We ended up with the following pre-setup:

put the cluster-domain-secret manually in /var/lib/ganeti/cluster-domain-secret and use gnt-cluster redist-conf to redistribute it on both source and destination clusters
if the source system is even Ganeti 2.15 (which also worked fine) on Debian Jessie make sure that socat is installed from the base distribution, not from the backports repository (Ganeti 2.16 contains a fix for that so we did not face that issue on newer machines)
make sure source Ganeti nodes are able to establish TCP connections on ports > 1024 to destination Ganeti nodes (inter-cluster-migration will always use the primary network of the cluster, not a secondary/alternate network which may be configured for e.g.
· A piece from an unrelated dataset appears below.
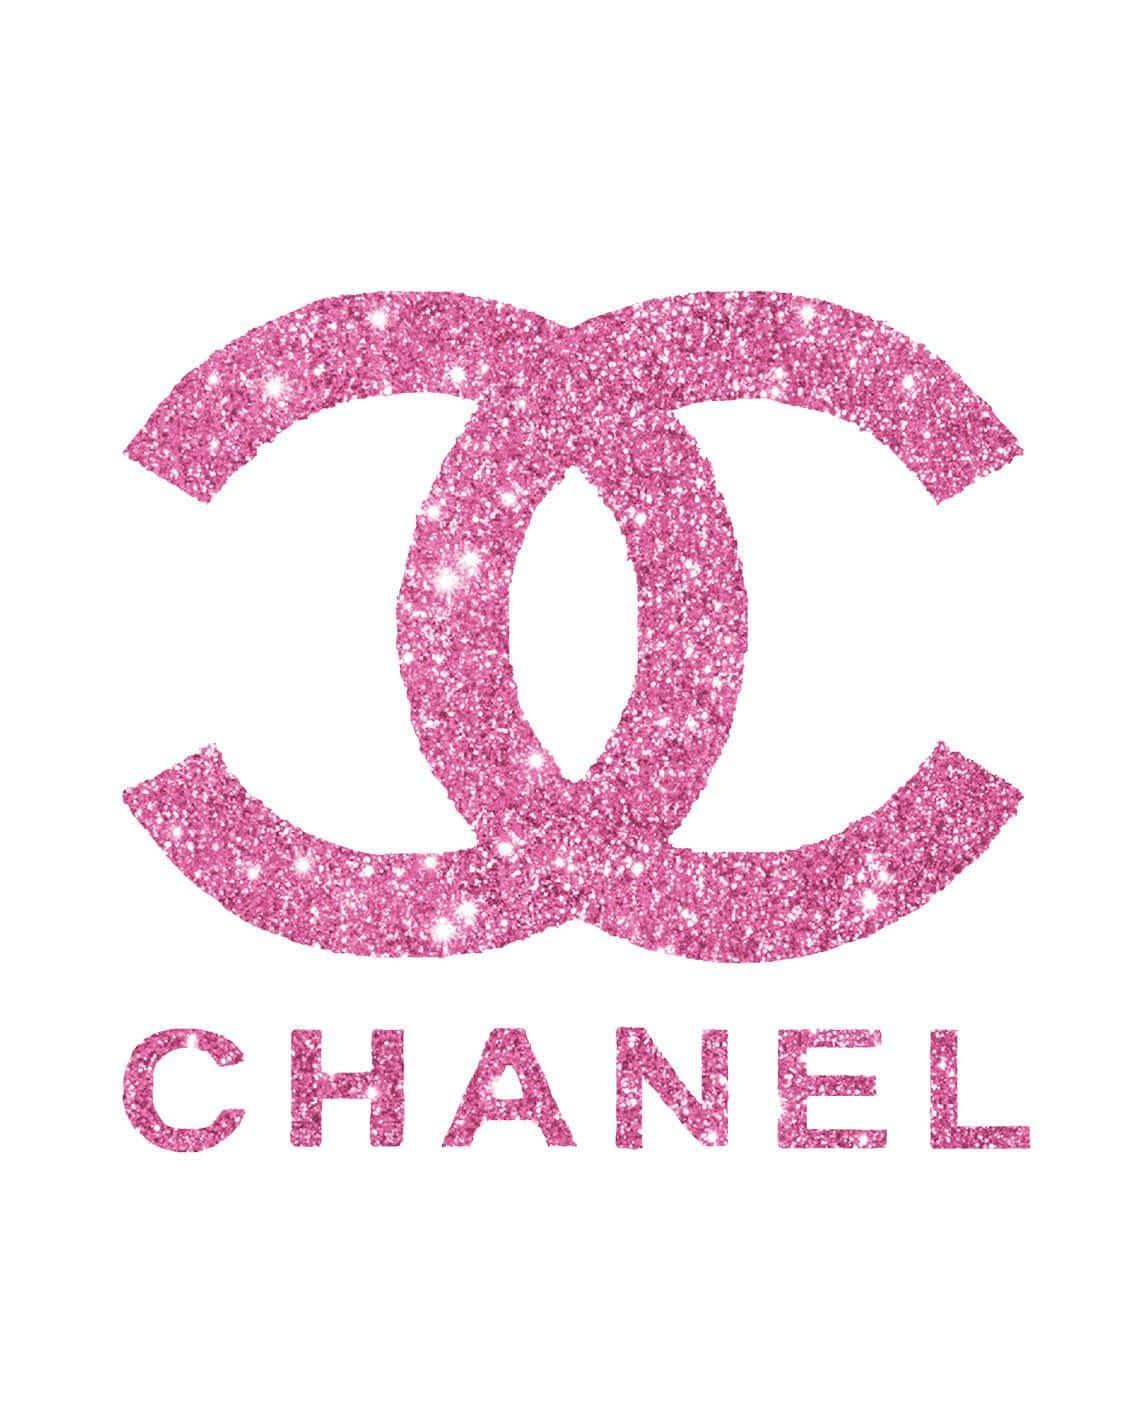 The iconic Chanel Logo
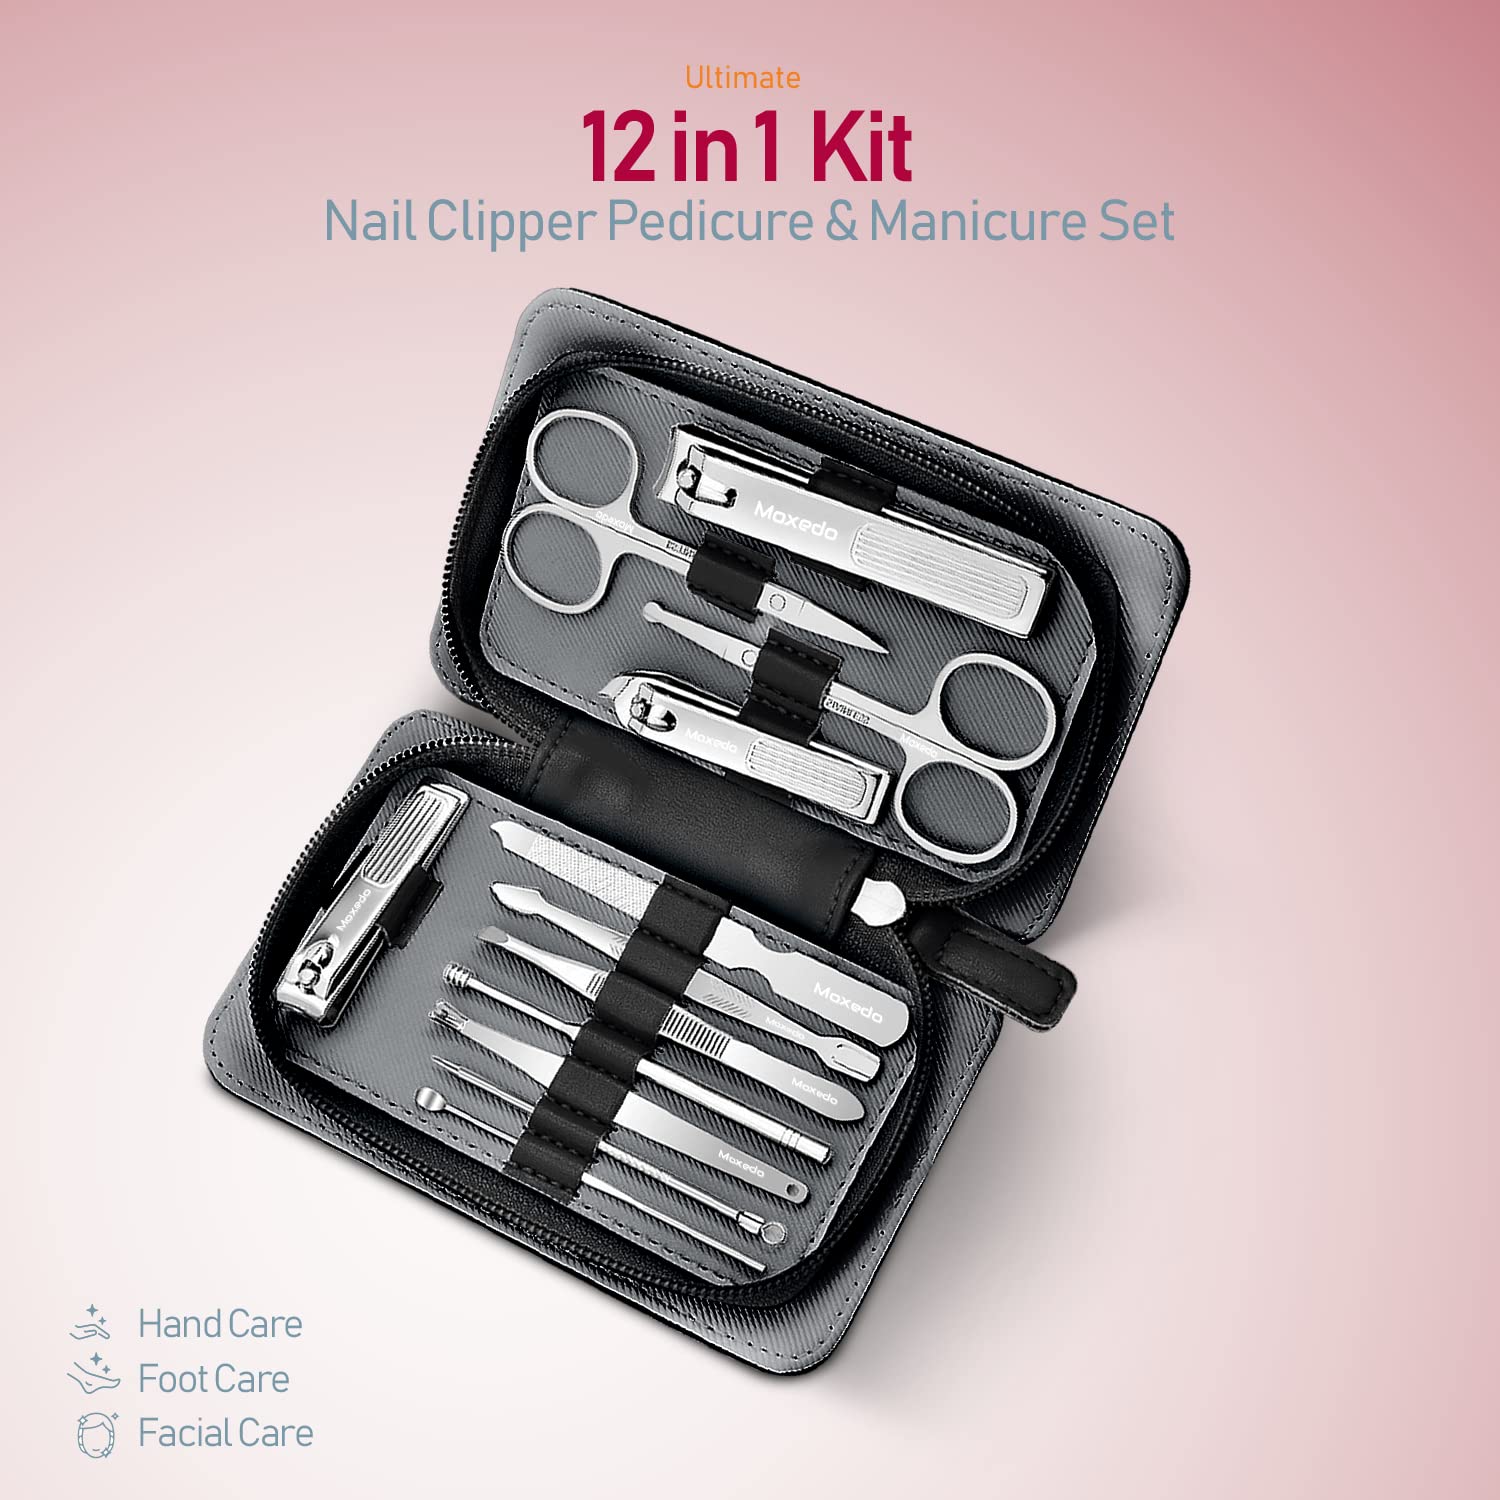 Moxedo 12 in 1 Kit Stainless Steel Professional Nail Clipper Manicure and Pedicure with Leather Travel Case

DRBD stuff)

We then used an Ansible playbook to carry out the actual instance migrations, but that happenly mainly due to easier integration into other internal workflows which are not relevant here. It did the follwoing:

pre-flight check if all relevant systems, APIs, ports etc are reachable
the export/import scripts from the debootstrap OS provider are broken/not usable in our scenario ("partition style" full disk images), so we replace them on-the-fly with the ones from gnt-noop which simply use dd to do a bitwise transfer of all disks
call the migration script with the relevant parameters

Our instance scenario:

KVM hypervisor, DRBD storage
1-2 VirtIO disk(s), 1-2 VirtIO NIC(s) (bridged mode with one bridge per Vlan on source node, bridged mode with tagged vlans on destination node)
parameters are mostly set on cluster level (e.g. cpu_type, vnc/spice) and might change during migration to the new cluster default
because of the change in the instance network configuration (see above) we alter the network parameters (e.g. link=br604 turns into link=gnt-bridge,vlan=604) and also statically set the mac adress the interface had on the source cluster (otherwise a new one will be assigned during instance creation on the destination cluster) - this can be done by adding something like --net 0:link=gnt-bridge,vlan=604,mac=aa:bb:cc:dd:ee:ff to the command-line of move-instance)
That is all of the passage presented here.